Было уже поздно, когда карета въехала в Киев, но дома и улицы были еще освещены, а по тротуарам двигались толпы гуляющих. По мере того, как путники приближались к Подолу, прохожих становилось все меньше. Фонари едва мерцали. В этой части города царил полумрак — лавки уже давно были закрыты. Наконец усталые лошади остановились перед маленьким одноэтажным домиком с закрытыми ставнями.

Путники вышли из кареты, и Казимир позвонил у подъезда. Но прошло несколько минут, прежде чем дверь отворилась. На пороге показался старый седой лакей с фонарем в руках. Почтительно поцеловав руку Эммы, он начал вынимать из кареты багаж.

— Теперь мы с тобой простимся, — обратилась Эмма к своему спутнику. — Я очень устала и хочу отдохнуть. Мой кучер довезет тебя до твоей квартиры, а завтра вечером я жду тебя к чаю.

Они расстались.

На лестнице Эмму встретила скромно одетая старушка с серыми плутовскими глазами и ярким румянцем на щеках.

— Елена?

— К вашим услугам, барышня.

— Ты уже получила распоряжения?

— Точно так.

— И знаешь, что будешь считаться моей тетушкой?

— Да, для посторонних, для вас же я самая покорная раба, — и старушка повела Эмму через ряд роскошно обставленных комнат.

— А это ваша спальня, — сказала она, отворяя последнюю дверь.

— Хорошо.

Эмма сняла дорожное платье, надела меховую кофту и села пить чай. Елена стояла у дверей, не спуская глаз со своей барышни.

— Какая же вы хорошенькая да молоденькая! — вздыхая, проговорила она и, печально понурив голову, вышла из комнаты.

Девушка заперла за ней дверь, достала из шкатулки конверт, полученный от апостола, внимательно прочла все инструкции и не легла в постель до тех пор, пока все бумаги не сгорели в камине дотла.

 

VI. Весталка

 

На другой день рано утром Эмма написала письмо матери и записочку приятелю своего покойного отца, участковому приставу Бедросову. На ее звонок явилась Елена с завтраком на подносе и вслед за нею старик лакей в парадной ливрее. Лукавые глаза его так и бегали по сторонам.

— Как тебя зовут? — спросила девушка.

— Борисом, сударыня.

— Отнеси эту записку участковому приставу Бедросову.

— Слушаю-с, — проговорил старик и, согнувшись в три погибели, пошел по направлению к двери, но тотчас же остановился и прибавил: — Я должен предупредить вас, сударыня, что для посторонних посетителей я глухонемой.
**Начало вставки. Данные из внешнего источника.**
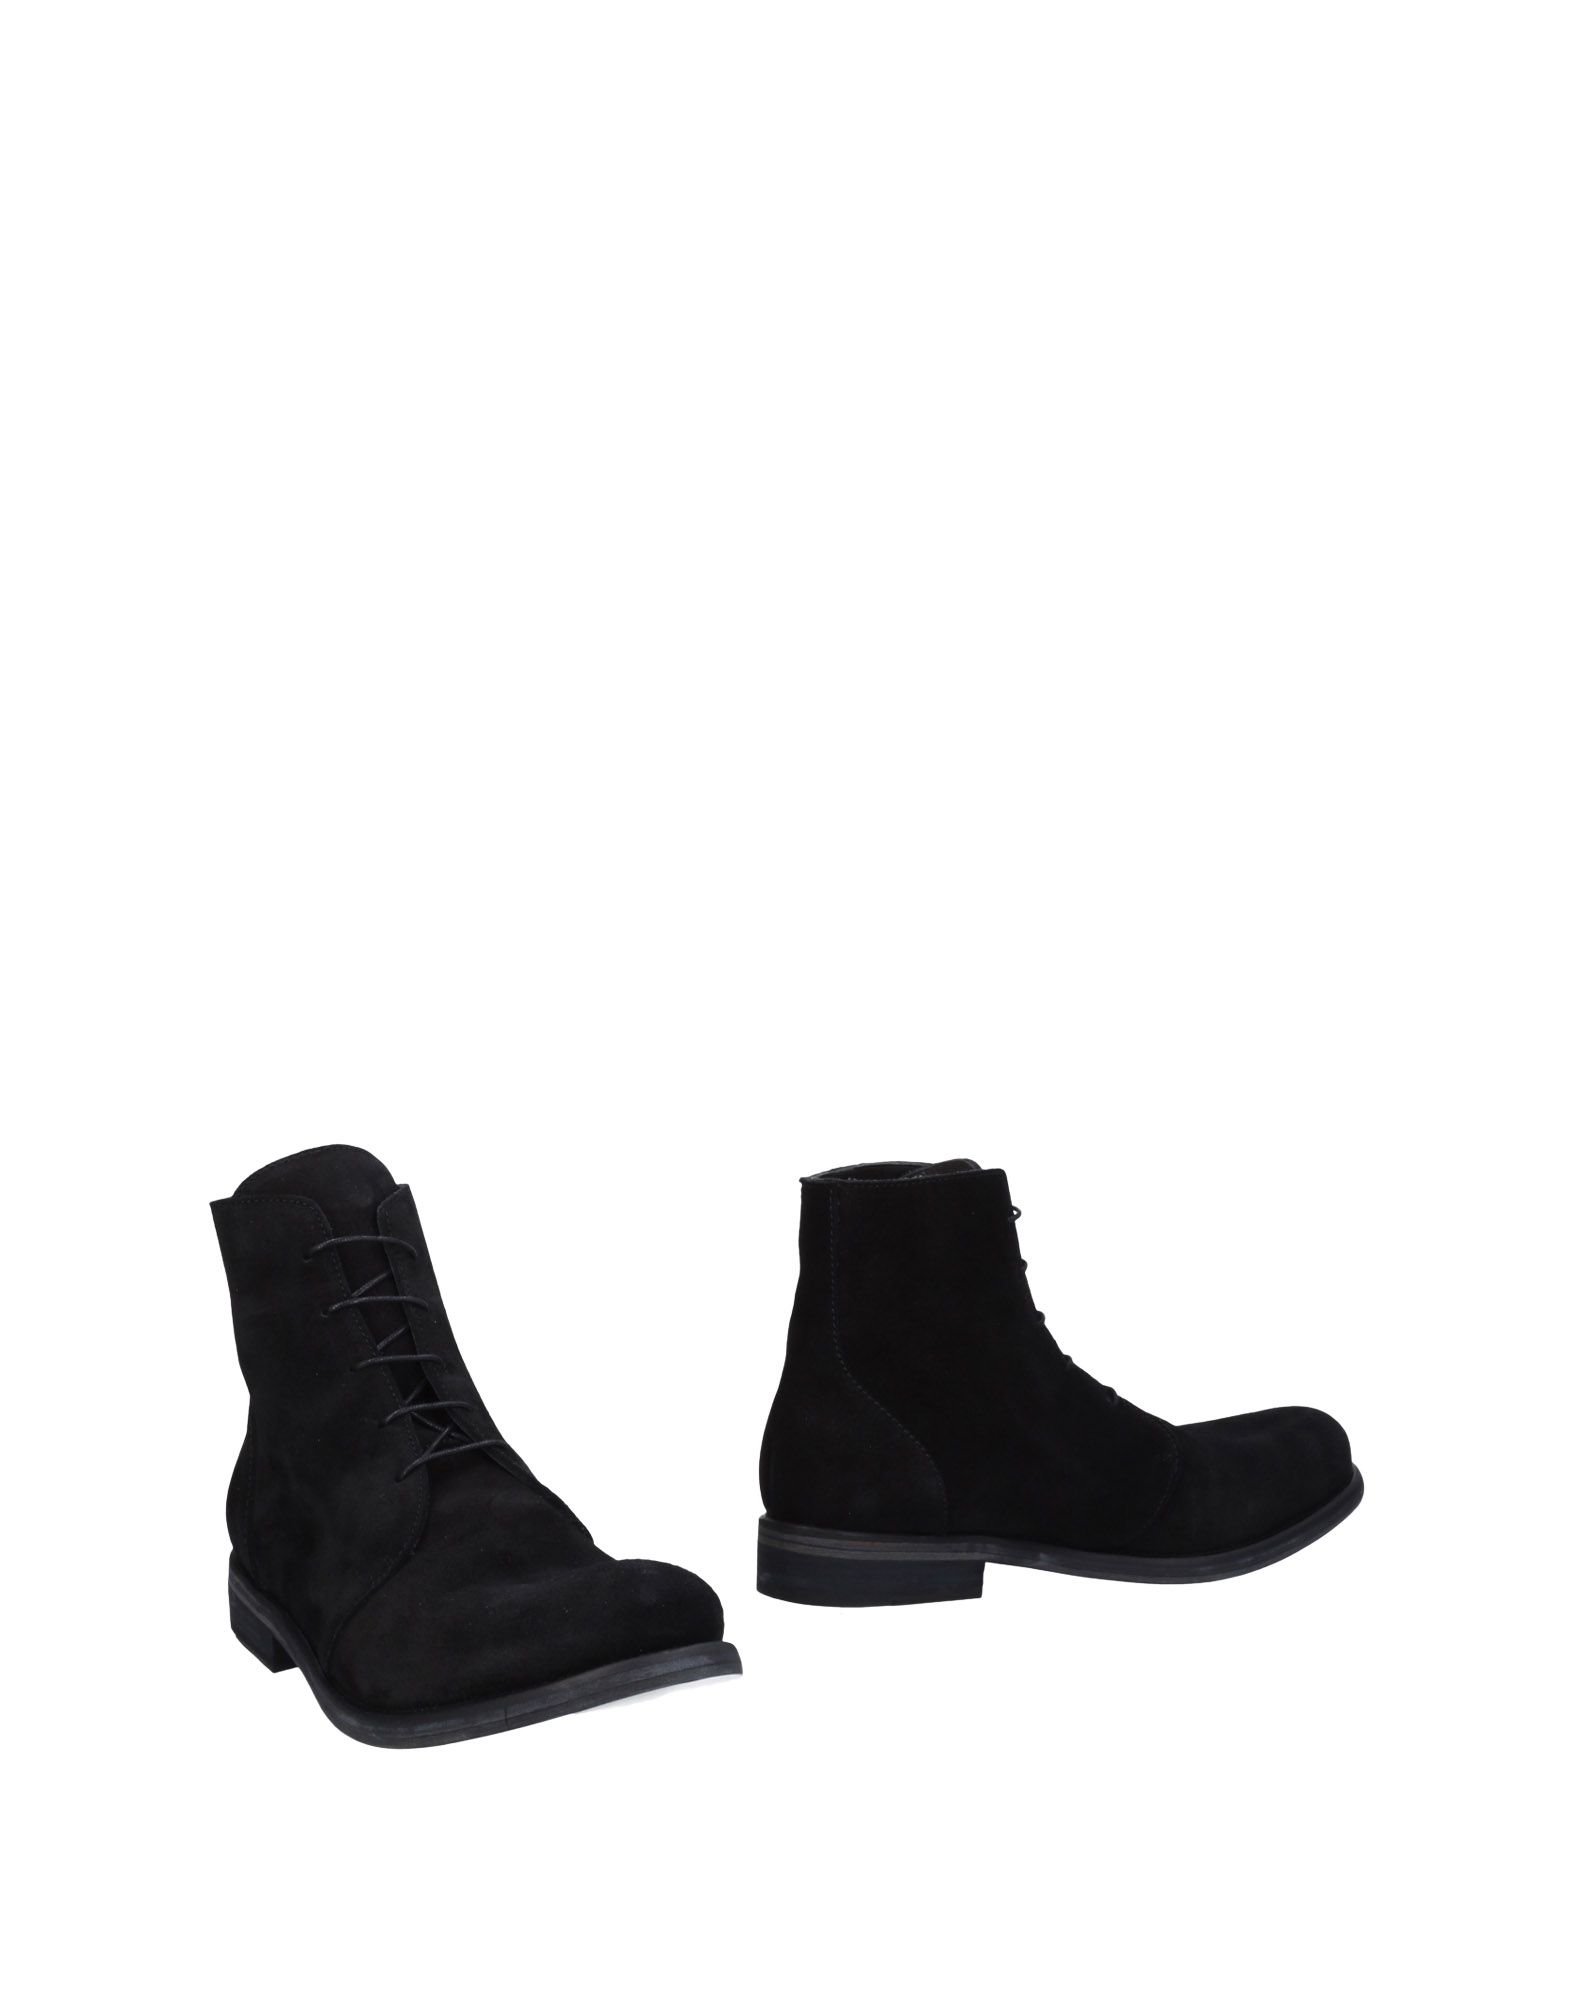 Nostrasantissima Boots Boots - Men Nostrasantissima Boots Nostrasantissima online on  Canada - 11458928RA 7b8a55

Эмма кивнула и, выпив чашку кофе, начала одеваться с помощью Елены.

— Ты поедешь со мной, — сказала она, охорашиваясь перед зеркалом.

— Как прикажете.

— Есть ли у тебя приличное платье, чтобы изобразить мою тетушку?

— Здесь уже все припасено.

Несколько минут спустя обе женщины вышли из дома пешком.

— Где здесь Красный кабачок? — тихонько спросила Эмма у своей спутницы.

— В нескольких шагах отсюда, — ответила старушка и повернула в узкую грязную улицу, где стоял шинок, красная крыша которого виднелась из-за высокого забора. — Вот он, — шепнула она, указывая глазами на невзрачный домик.

Оттуда они поднялись в старый город и остановились перед окнами магазина, в которых были выставлены фотографические портреты. Эмма осталась на улице, а Елена вошла внутрь и через минуту появилась с большим конвертом в руках.

Возвратившись домой, Эмма отпустила свою служанку, села на диван в гостиной и вынула из конверта портрет графа Солтыка. Долго и внимательно вглядывалась она в него, как бы изучая каждую черту лица, не хуже любого сыщика, рассматривающего портрет преступника, которого ему поручено поймать.

Граф был изображен в меховом шлафроке с длинной трубкою в зубах. Это был поистине красавец-мужчина: правильные, словно из мрамора высеченные черты лица, большие глаза, в которых светились ум, энергия и страстность, — одним словом, он обладал в высшей степени привлекательной наружностью.

Портрет графа еще лежал на столе, когда в гостиную вошел Бедросов, живой, проворный мужчина лет сорока, невысокого роста, с жиденькими волосами, выдающимися скулами и крошечным уродливым носиком. Поцеловав руку Эммы, он подвел ее к окну, чтобы лучше рассмотреть ее лицо, и воскликнул в порыве неподдельного восторга:

— Боже мой, как вы выросли, как похорошели! Давно ли я носил вас на руках! А помните ли вы, как запрягали меня в тележку да погоняли кнутиком? Как я рад, что мне привелось увидеть вас снова!

— Я очень рада найти в вас старого искреннего друга, — с приветливой улыбкой ответила Эмма.

— Звание друга я принимаю с благодарностью, но от старого отрекаюсь категорически! Разве я седой дряхлый старик? Я мужчина, как говорится, в расцвете лет! — и он расхохотался. — Да, милая барышня, в качестве друга вашего покойного батюшки я готов вас охранять от всех зол и напастей, но вместе с тем оставляю за собой право иногда и приволокнуться за вами.

— А я ловлю вас на слове и провозглашаю моим рыцарем!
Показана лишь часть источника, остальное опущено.